At Christmas there was much merry-making for the tenantry and poor people at Egremont, and Roger Egremont threw open his house for the first time since his return from France. Many very ardent Whig maidens were inclined to forgive Mr. Egremont his outrageous conduct to the present government, and all of the Tory young ladies thought him the charmingest fellow alive. To this flattering treatment Roger responded with the most delightful gallantry and impudence, but gave no sign of abandoning his bachelorhood. And the last of February he departed on a mysterious errand to France. King William was very ailing then, and the Tory gentlemen wished Mr. Egremont to delay his journey for a few days, in view of the supposed imminence of the King’s death. This, however, Mr. Egremont declared he could not do, but he would return almost immediately, feeling it his duty to be in England, if possible, when William exchanged Whitehall for Abraham’s bosom.
At noon, on the sixth day after leaving Egremont, he knocked at the door of the Scotch Benedictines in Paris. He had taken off his mourning, and wore a plain but handsome riding-dress of brown and silver.

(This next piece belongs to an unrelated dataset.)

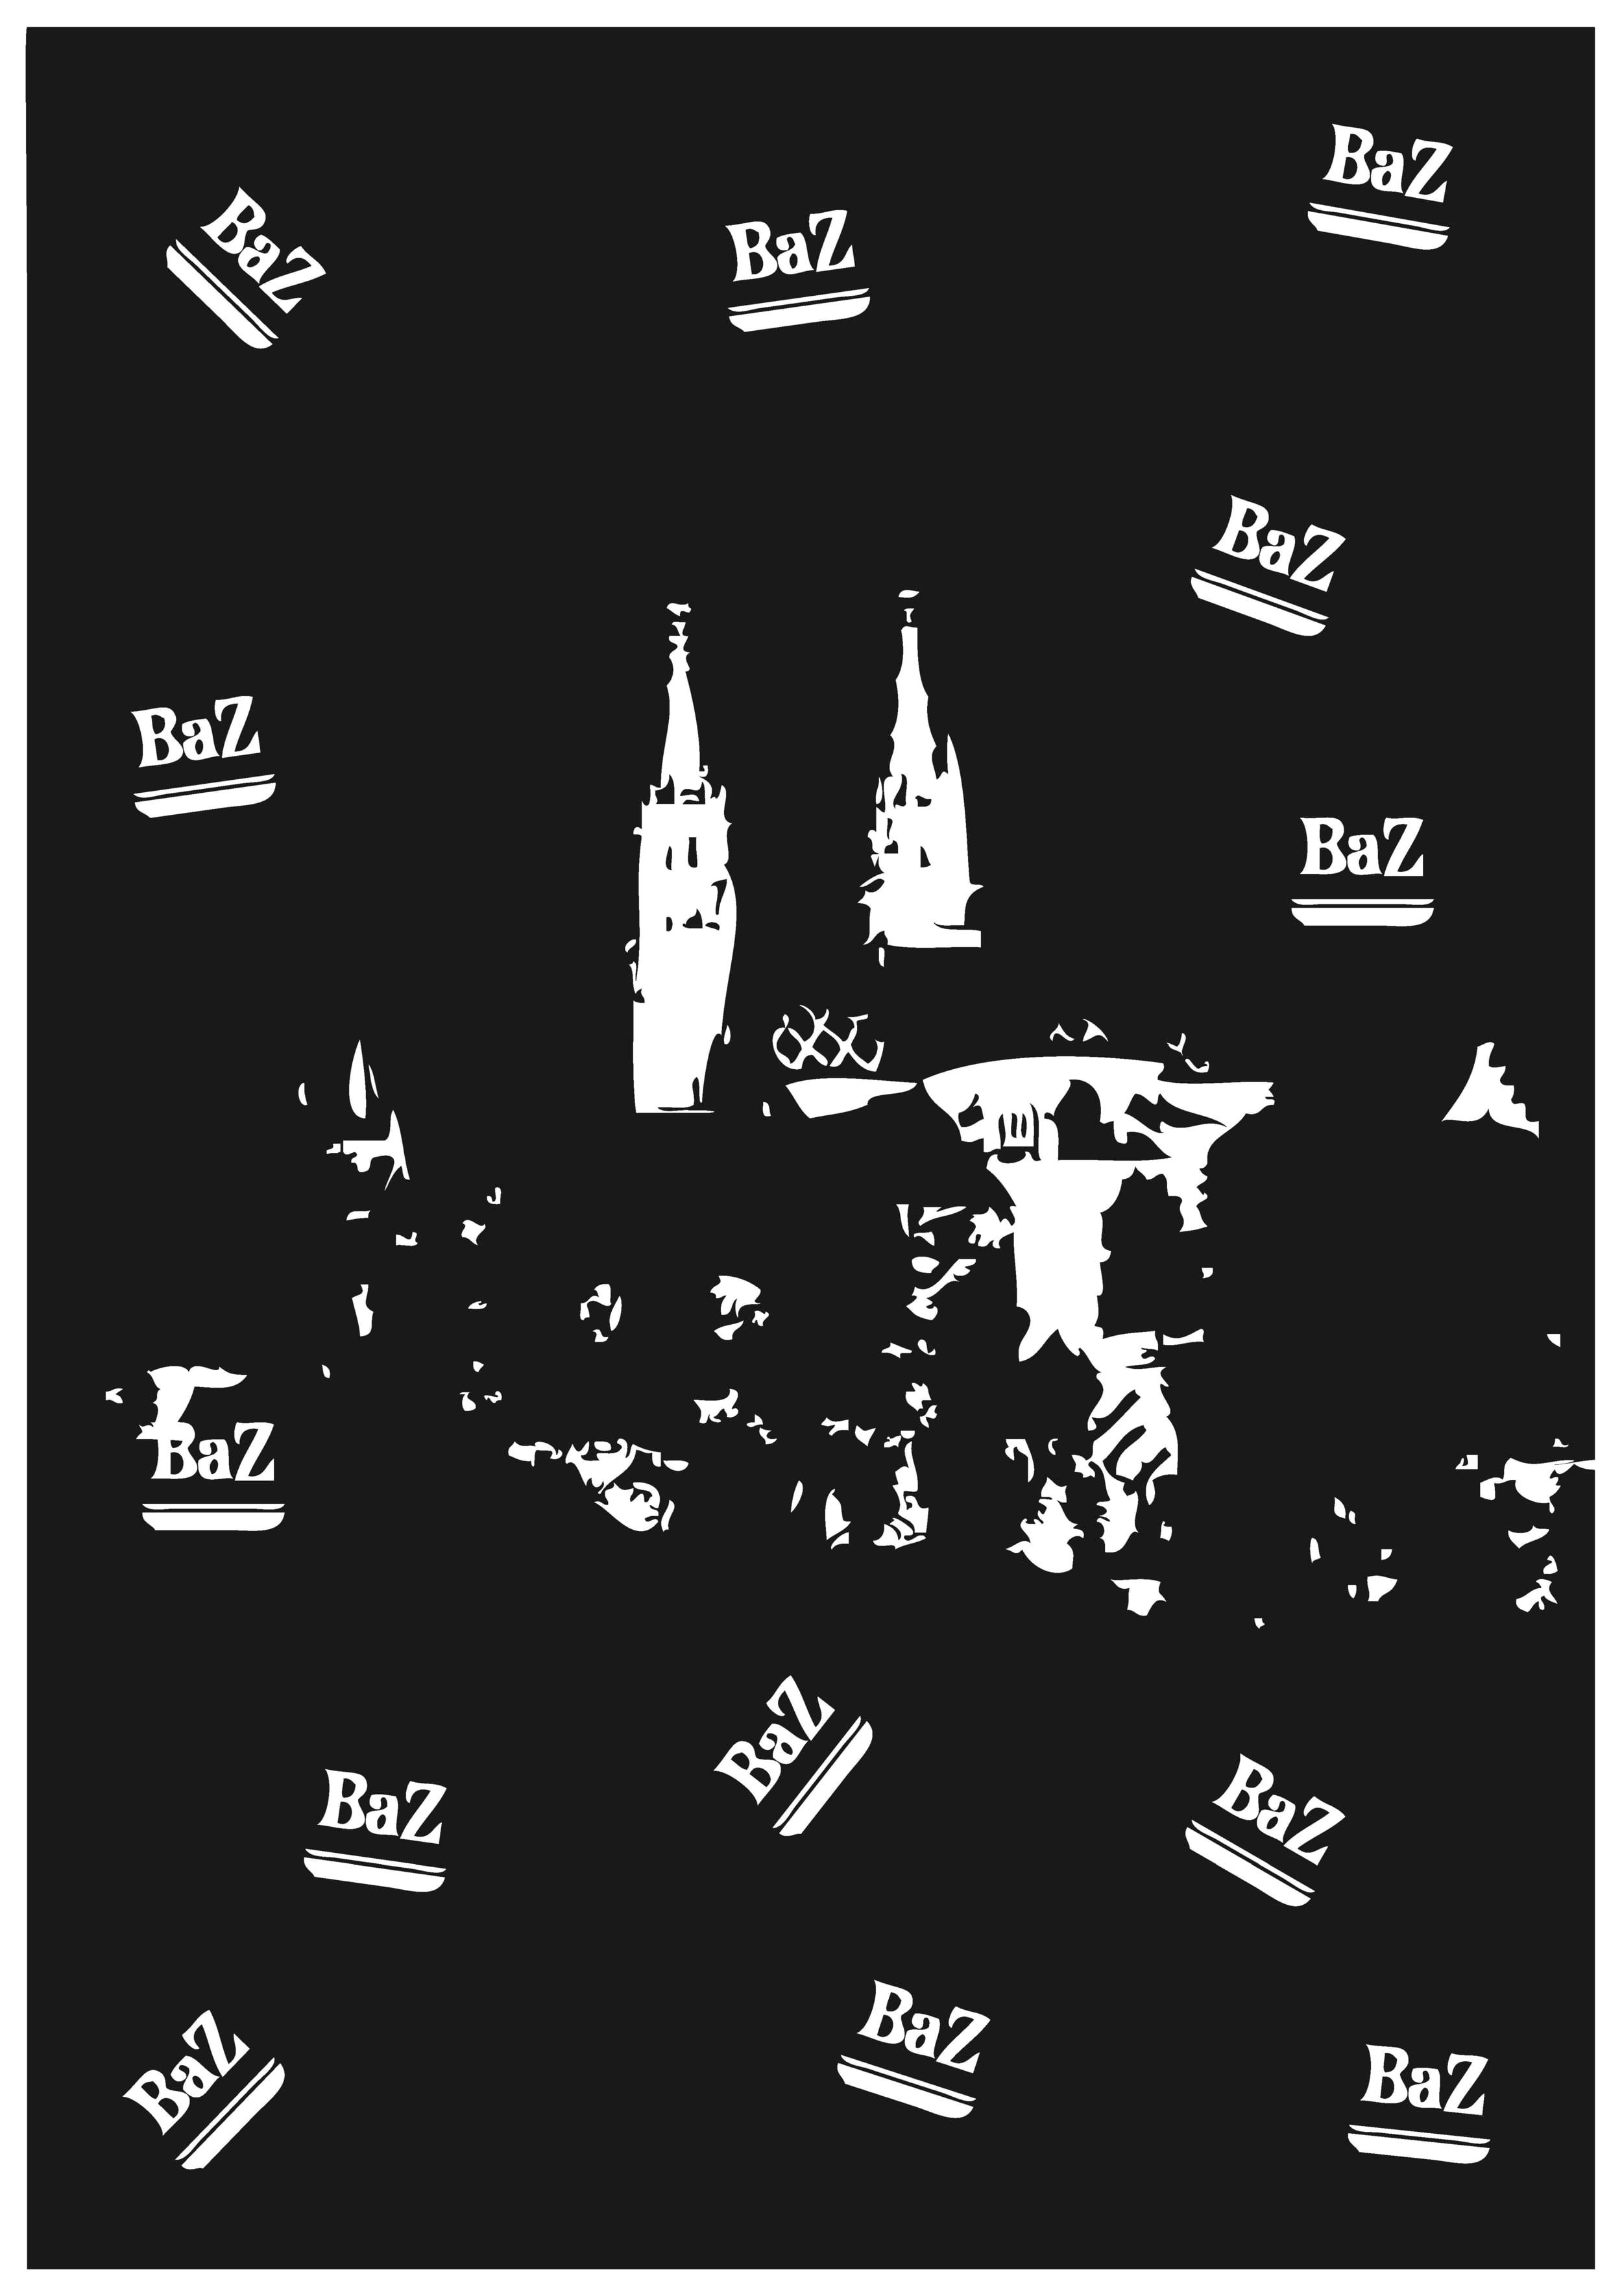 """Zum s Befinde uusefinde het jetzt d BaZ en Umfroog gmacht:   """"Hänn si Angscht? Am Claraplatz? Im Tram? Bi Tag? Oder bi Nacht?""""   S Ergäbnis isch für d BaZ prekär, well d Helfti antwortet mit Pfiff:   """"Ich ha Angscht dass y dr Markus Somm im Dunggle driff."""""""

In a moment or two he was walking, hat in hand, through the long corridors, his masculine footsteps resounding strangely in that quiet place. And then he was shown into the garden. It was at the back of the great building, and fronted south, so that, although it was but March, there was something soft and balmy and even April-like about it.
In this sheltered garden spot the hyacinths and narcissus were freshly blooming, while a great bed of violets was darkly green, with the violet buds showing faintly against the polished leaves. The crocuses were peeping up shyly, those tender flowers, the harbingers of sunshine. All these things Roger Egremont felt rather than saw, for he had ever been open-eyed to the pictures which Nature unfolds, and attentive to her lightest whisper.
There was a long box-bordered walk through the garden, and at the end a little circular place enclosed with ancient box trees. In it was a stone bench set upon the mossy ground, green, like a carpet. This sweet spot was as secluded as if it were in the green heart of the woods at la Rivière. The sun shone radiantly, and standing full in the golden light of noon was Michelle. She still wore a black gown and a black hood, which showed off the milky whiteness of her skin and the dark beauty of her eyes. She was standing with one hand on the back of the stone bench as if to support herself; and when her eyes fell on Roger, she advanced a step and raised her arms, in a motion like a bird about to begin its flight.
How Roger got over that space between the flagged walk and the stone bench he never knew,—only, that he was holding her slender hands in his, that her eyes were downcast, and tears were falling upon her pale cheeks and making crystal drops upon her black gown. The first thought that came into Roger’s mind was, that Michelle was, in truth, beautiful,—far more so than he had ever dreamed, even in those times of strange flowering out of her beauty, such as on that ill-starred wedding morning. She was no longer in the first flush of her youth; she was not radiant in satin and blazing with jewels, but dressed, with a nun-like simplicity, in black; agitation had driven the color from her cheeks; but yet, but yet, for the first time since he had first seen her, in the meadows of St. Germains, Roger Egremont thought her absolutely beautiful.
Roger spoke a few incoherent words, and Michelle replied, she knew not what. Such a meeting as theirs, with the recollections of seven years behind them, with those weeks of rapture, mixed with anguish, at la Rivière, standing out, glowing with delight, and, alas! red with shame,—does not bring the soft, unthinking joy which comes to those who have not suffered greatly. Each read the heart of the other, and read there shame and sorrow for that one lapse from integrity; but with that remorse was a deep, deep thankfulness. They had escaped the actual wrong-doing, but each had the feeling of a person who has walked blindfold on the edge of a precipice; and one single step—it made Roger Egremont, strong man as he was, tremble at the thought of that one step which would have cast them both into the abyss. And as for Michelle, innocent woman that she was, she knew in her heart what Magdalen felt when she washed the feet of the Saviour with tears.
In a little while the habit of self-command asserted itself. They became outwardly calm, and sat down on the bench together, and began to examine each other with the tender furtiveness of lovers. Roger was transformed by happiness. He never had, and never could have, regular beauty; but he had, in great perfection, that masculine comeliness which counts with women far more than beauty. He had lost that look of sadness which, in evil moments, changed to surliness. His eyes were bright and glancing, and he showed his white teeth often in a smile. He was not so sunburned as he had been in his campaigning days, and looked like a man with whom the world went well.
There was little to say of themselves after Roger had said,—
“This day a year ago I sent you word I would return on this day, and here I am.”